• _EXERCISE DESCRIPTION_:
Copy exactly the lines of the data below, beginning with the line with "Muscular Stud Fucking" and ending with the line with "MT4434TE KINCO HMI". Pictures are to be omitted.

• _PROVIDED INFORMATION_:
*****

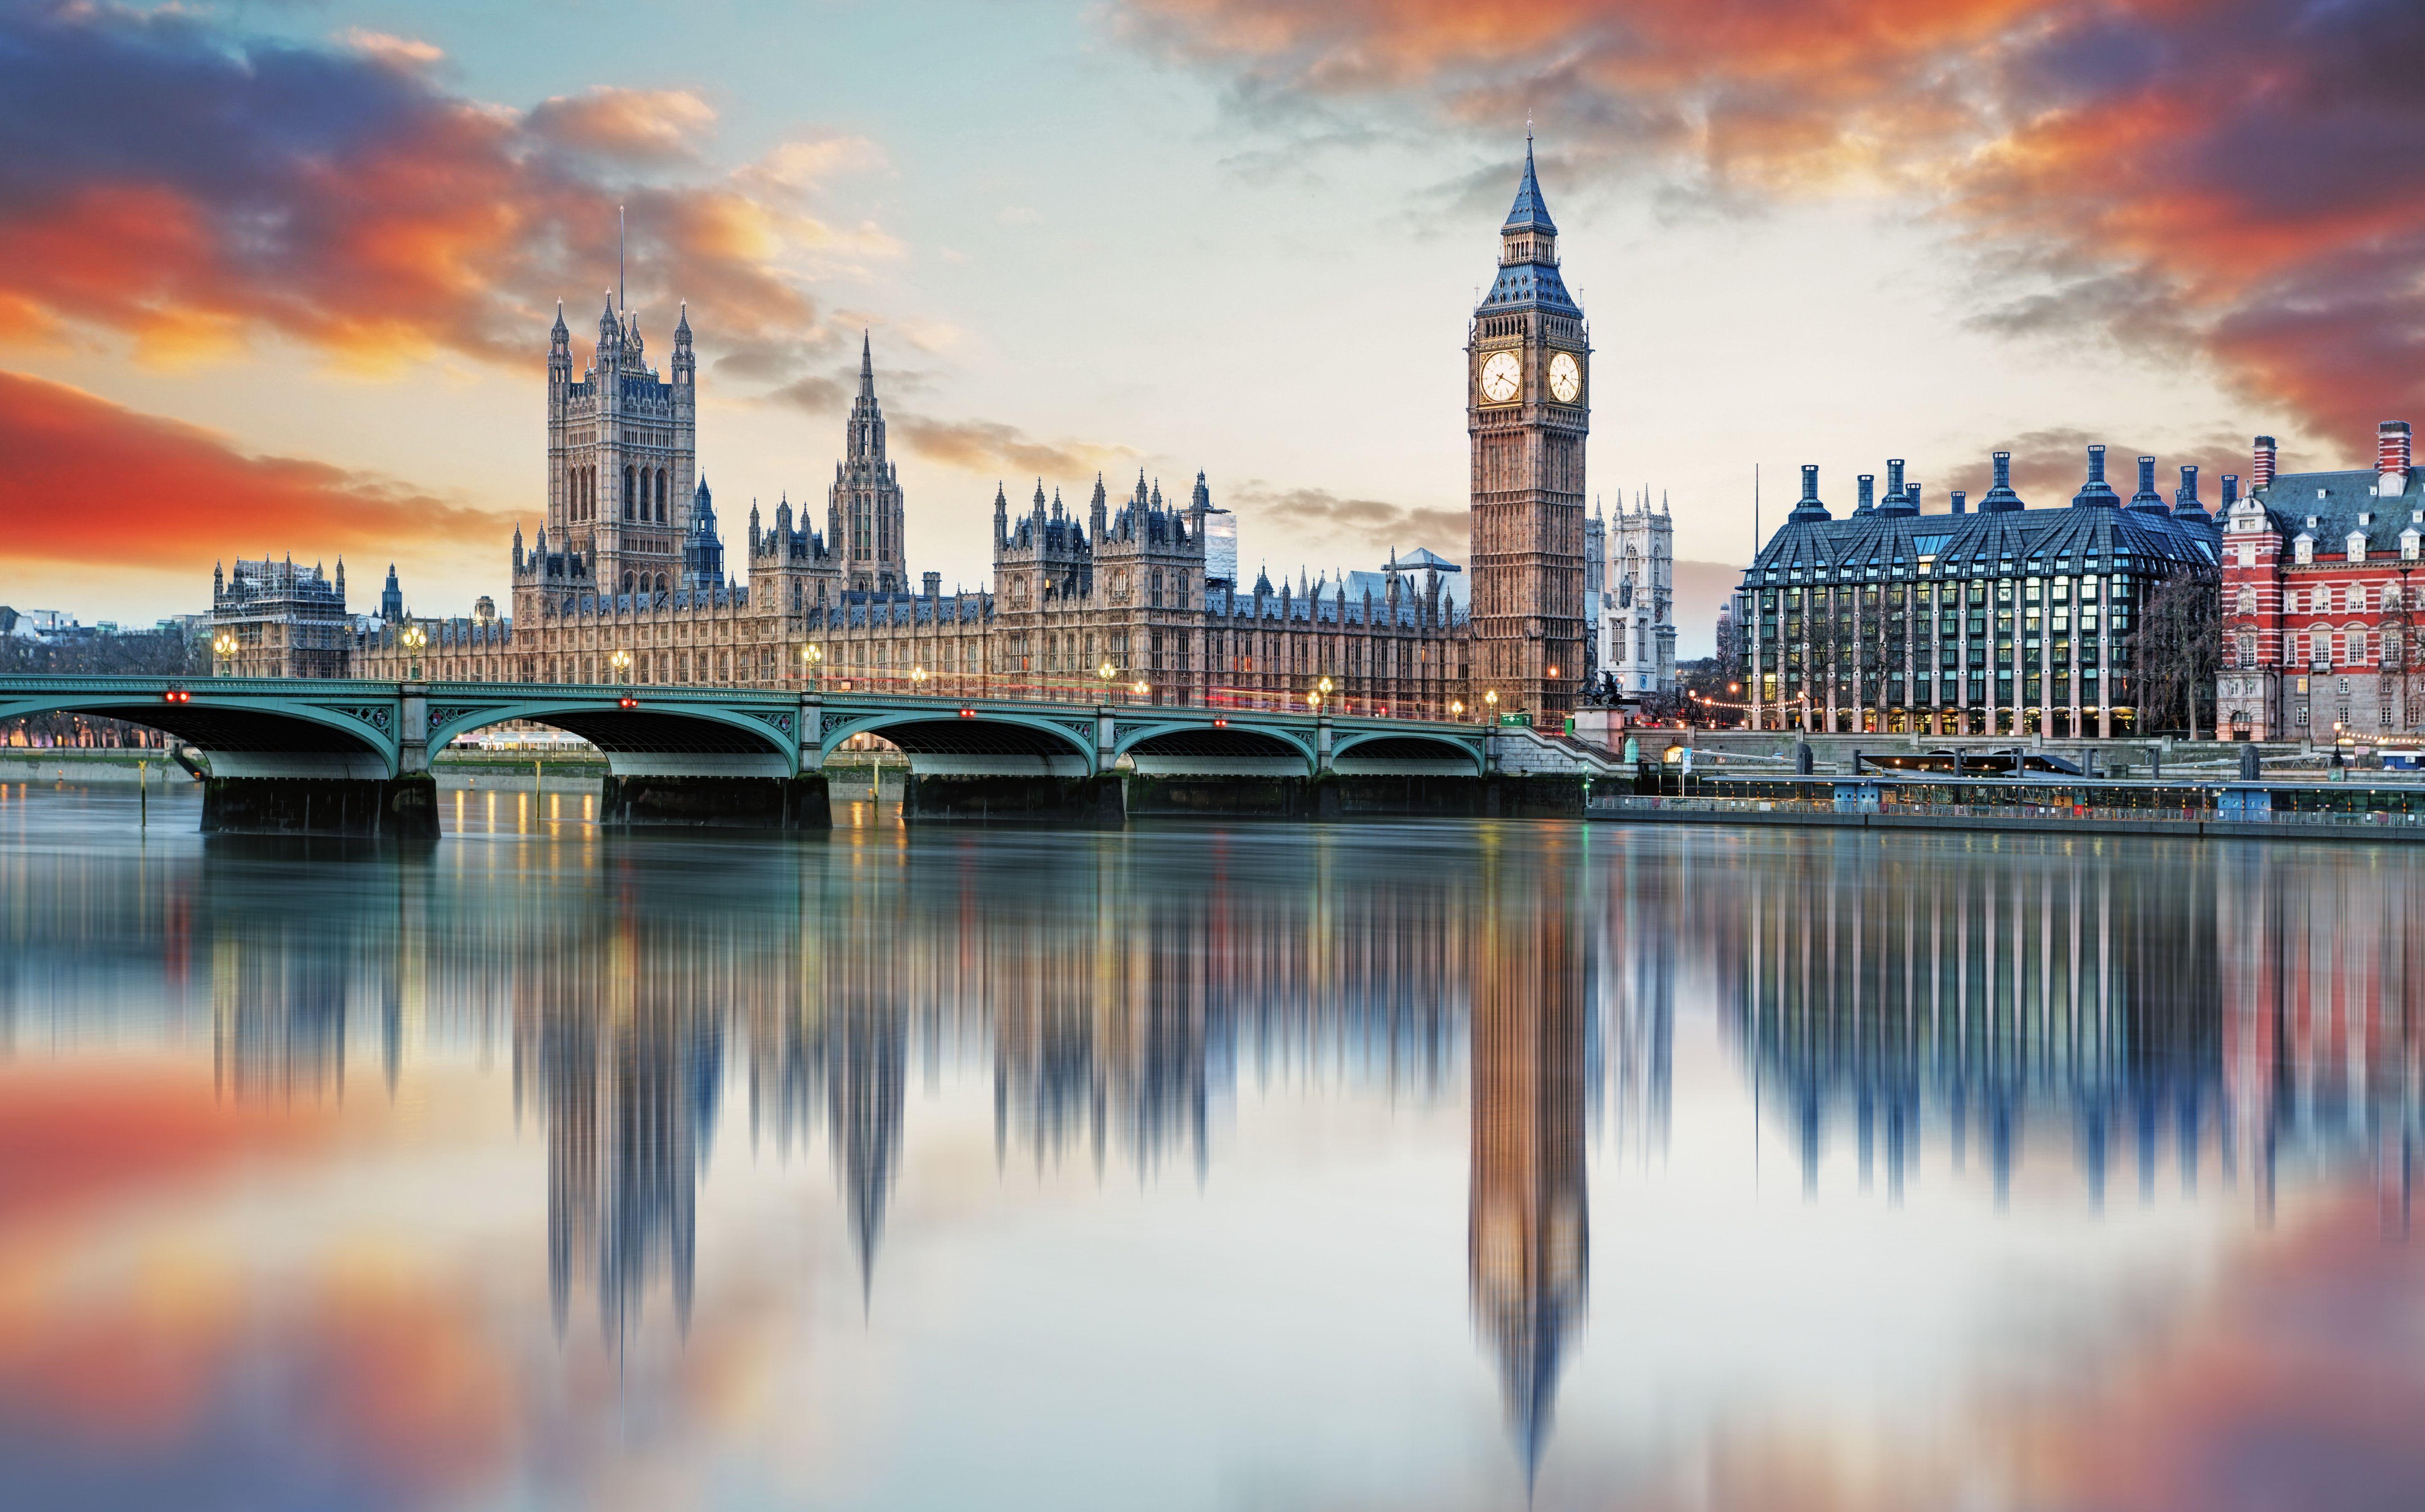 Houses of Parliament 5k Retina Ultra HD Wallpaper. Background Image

*****

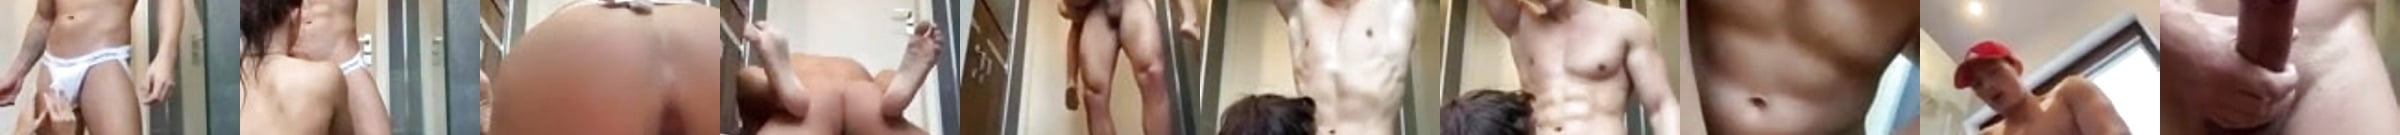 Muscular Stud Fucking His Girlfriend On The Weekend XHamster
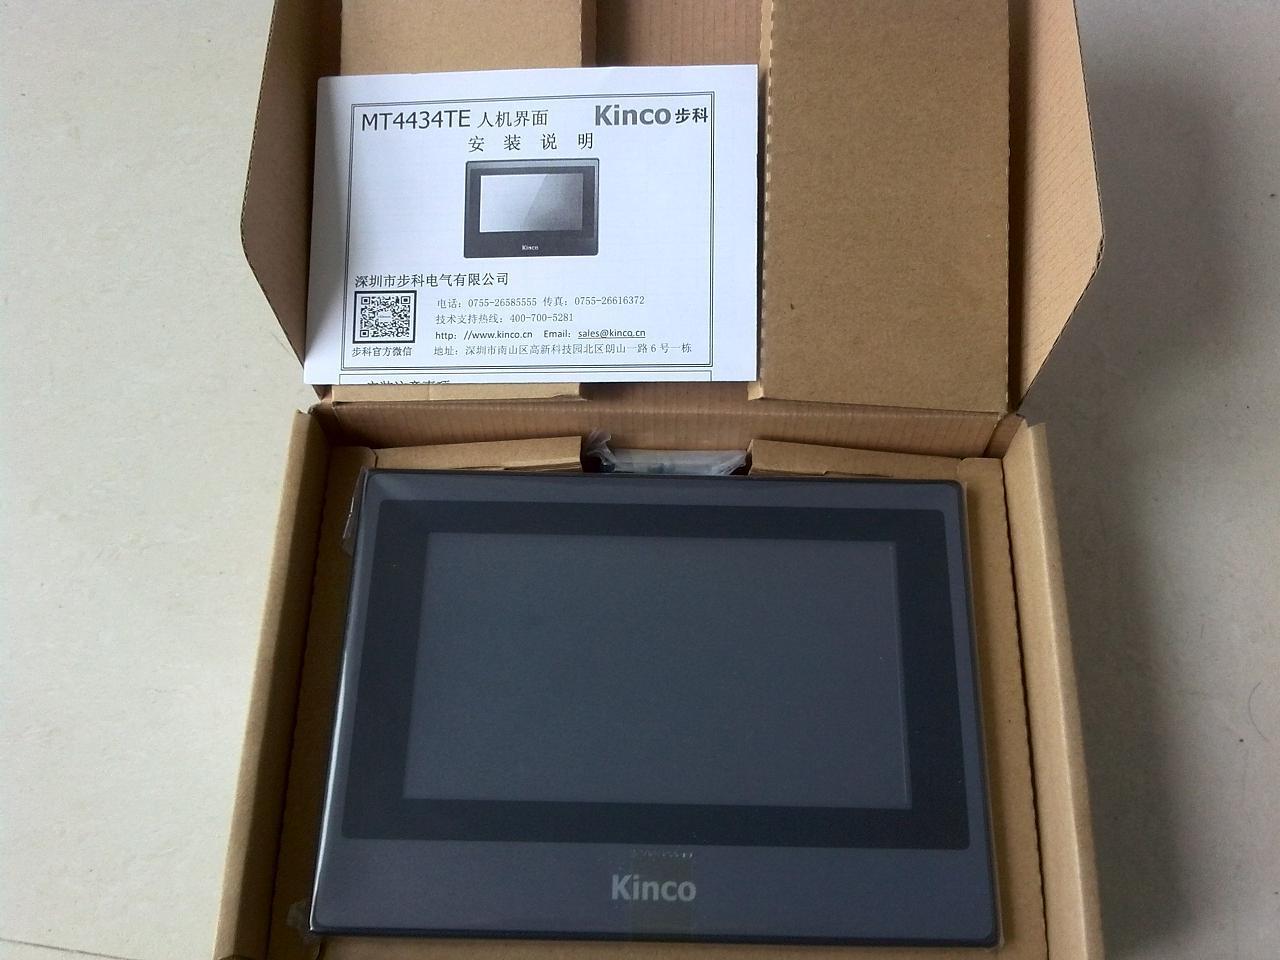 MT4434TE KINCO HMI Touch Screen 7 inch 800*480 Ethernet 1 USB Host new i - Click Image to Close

*****

• _EXERCISE RESPONSE_:
 Muscular Stud Fucking His Girlfriend On The Weekend XHamster
 MT4434TE KINCO HMI Touch Screen 7 inch 800*480 Ethernet 1 USB Host new i - Click Image to Close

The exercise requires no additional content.